§ **Problem description**: For this exercise, retype all the data exactly and exclude every image.

§ **Dataset content**:
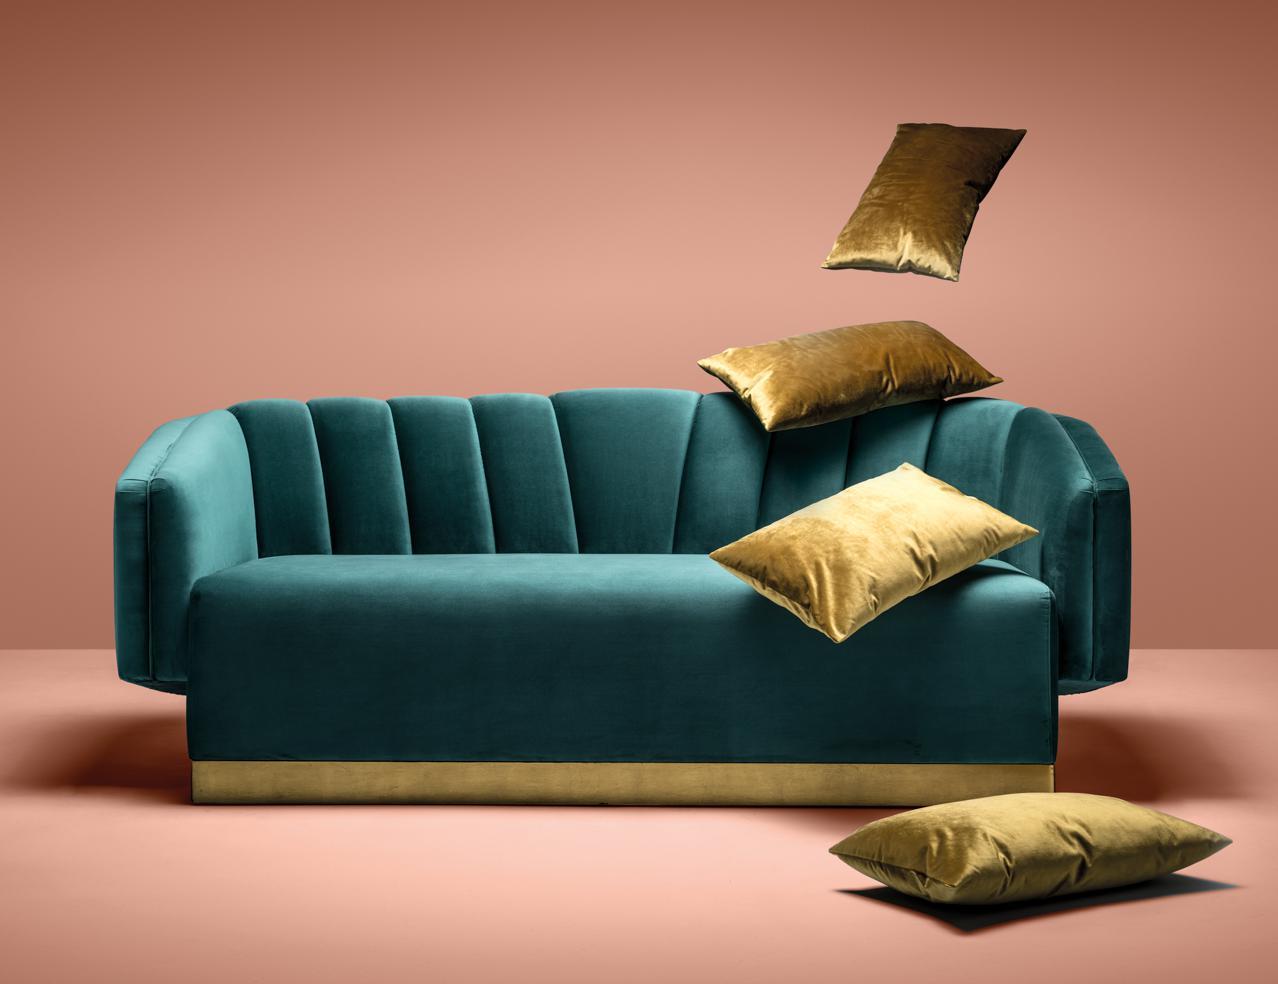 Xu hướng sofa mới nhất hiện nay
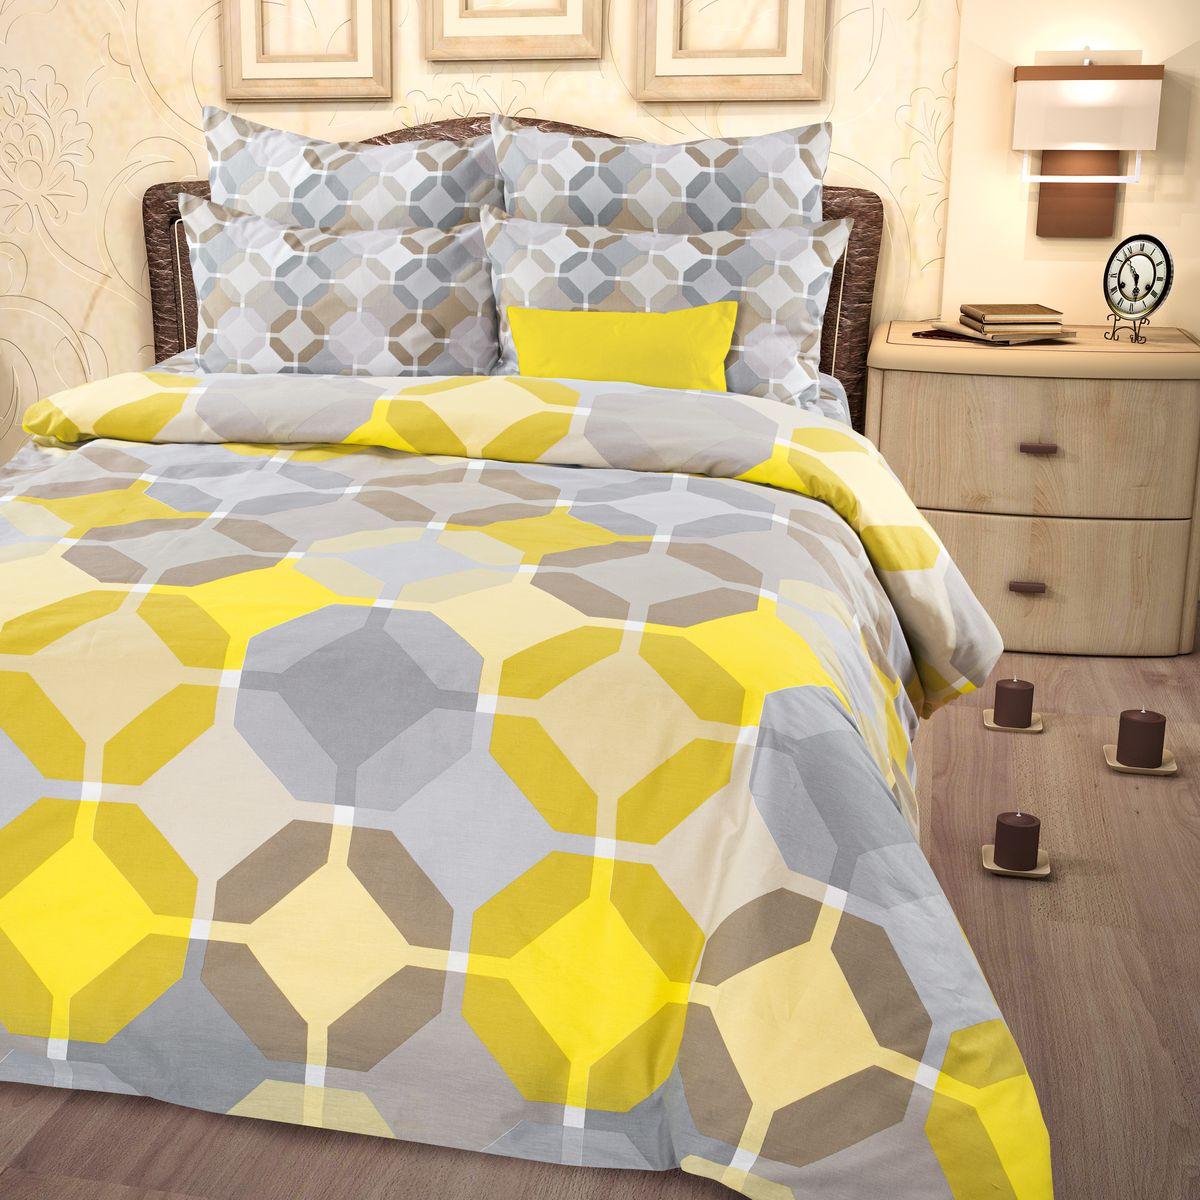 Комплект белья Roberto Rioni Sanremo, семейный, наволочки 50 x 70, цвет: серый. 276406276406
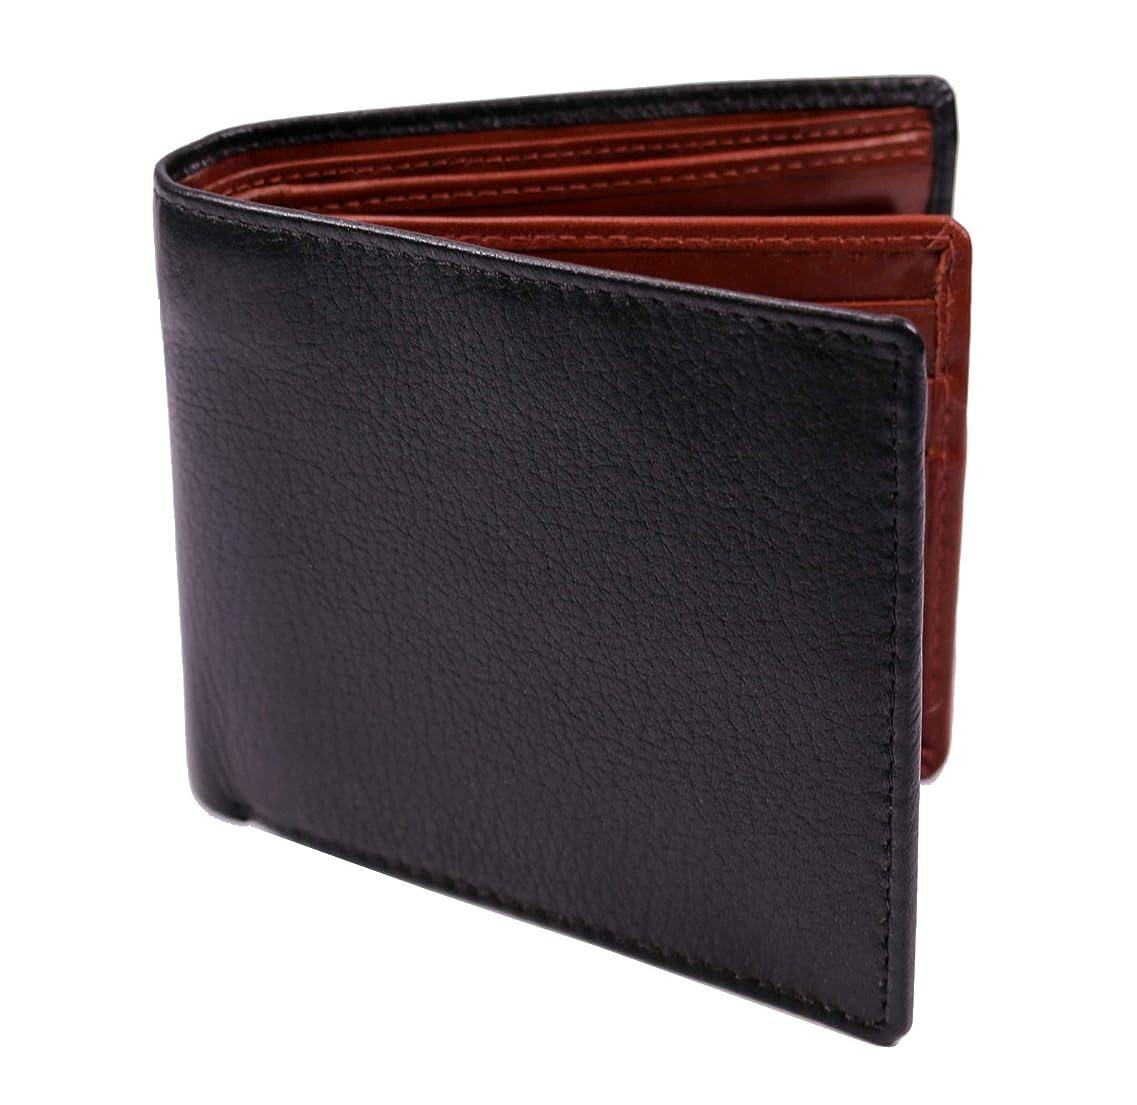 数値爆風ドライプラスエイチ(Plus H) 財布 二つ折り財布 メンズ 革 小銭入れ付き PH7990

§ **Answer**:
 Xu hướng sofa mới nhất hiện nay
 Комплект белья Roberto Rioni Sanremo, семейный, наволочки 50 x 70, цвет: серый. 276406276406
 数値爆風ドライプラスエイチ(Plus H) 財布 二つ折り財布 メンズ 革 小銭入れ付き PH7990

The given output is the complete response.